Eager to avoid being pegged as the party that made America default on its debt, congressional Republicans are hinting that they’ll offer a compromise first proposed by the tea partiers in their ranks: deep cuts in military spending. But as Senate leaders meet with President Obama to tackle the debt limit, disagreements among conservatives and a lack of specifics make it unclear just how committed the GOP really is to shrinking the defense budget.
Republicans and Democrats have been at loggerheads over lifting the national debt ceiling and preventing a government default. House Republicans insist they won’t approve any settlement that raises taxes, and they’ve struggled to offer budget cuts that could seal a bipartisan deal. But outspoken conservatives and sympathetic pundits say there’s a growing willingness to entertain the idea of cutting the Pentagon’s budget. “Would you support dramatic decreases in military spending as a way to cut the deficit, or would you rather support the spending with tax increases?” asked Mackenzie Eaglen, a national security fellow at the Heritage Foundation, as he spoke with Southern California Public Radio host Pat Morrison yesterday.
It’s a strategy that exposes congressional Republicans to criticism from within their own ranks. Despite polls showing Americans’ growing war fatigue and wariness over military spending, cuts in defense still rankle some conservatives. Marc Theissen, a former Bush administration official (and torture apologist) has called defense cuts “a trap” set for the GOP by President Obama. “Republicans hold all the cards,” he wrote in the Washington Post. “So why on earth are they even thinking about giving Obama deep cuts in national defense in exchange for dropping his demand for tax increases that he knows he will never get?”

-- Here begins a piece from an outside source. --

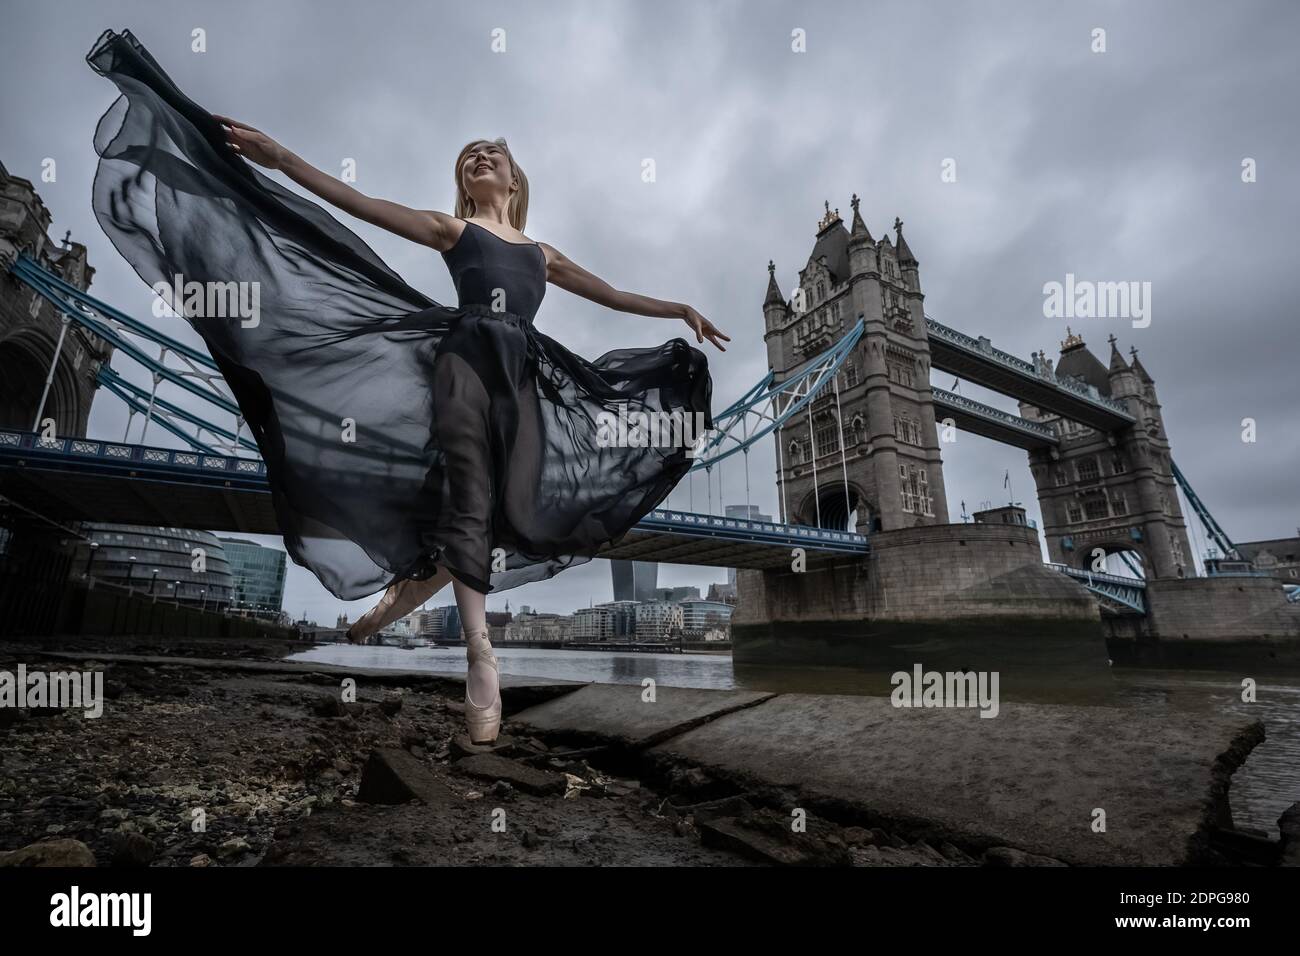 Natsuki Uemura, una profesora independiente de ballet y danza contemporánea, realiza una rutina de baile temprano en la mañana cerca de Tower Bridge, Londres, Reino Unido. Foto de stock

The party’s young turks on Capitol Hill seem unmoved by the hawks, however. “When we say everything is on the table, that’s what we mean,” House Majority Whip Kevin McCarthy (R-Calif.) told the Post. “If there are sacred cows, we ought to find them and get rid of them,” added Rep. Tim Scott (R-S.C.), a tea party freshman with a big military presence in his district.
How far are they willing to go? House Republicans, including budget-minded tea partiers, already passed on a chance to slash military spending when they rubber-stamped a defense bill last month. Individual party members secured minuscule cuts to the DOD’s color printing budget, the Air Force’s plans for new flight suits, and the odd layer of extra bureaucracy. (Big cuts to the military’s $500 million budget for bands came from a Democrat, Minnesota’s Rep. Betty McCollum.) Those cuts were drops in the bucket when compared with some of the pet projects Republicans saved, from a massive Humvee contract the Army doesn’t want, to big pork spending on heavy tanks that have little use in Iraq and Afghanistan, to a controversial engine program (also unwanted by the military) for the Joint Strike Fighter, a platform that’s expected to cost taxpayers $1 trillion over the next few decades.
The chief reason defense dollars are now under scrutiny is because even Republicans are getting hip to just how heavily two open-ended wars (or three, if you count Libya) have worn down the electorate. Yet no Republicans have seriously raised cuts in war spending during the debt negotiations. The chief source of war funding isn’t the military budget, it’s an annual supplementary spending bill. The White House estimates the war tab for fiscal 2012 will amount to $118 billion. No one’s challenging that figure.
“I would never support anything that would reduce the safety of the troops on the ground,” freshman Rep. Robert Hurt (R-Va.) told the Post. “But bureaucracy is bureaucracy, and there are ways to get at it, even in the Pentagon.”
That sort of vagueness doesn’t mollify skeptics on either side of the aisle. Reason senior editor Jacob Sullum says the Republicans’ rhetoric shows they still aren’t serious when it comes to saving defense dollars. “When one country with no hostile nations on its borders is spending nearly as much on military programs as all the other countries of the world combined,” he writes, “the solution has to go beyond trimming pork, cutting back on ‘bureaucracy,’ or insisting that pilots get more mileage out of their flight suits.”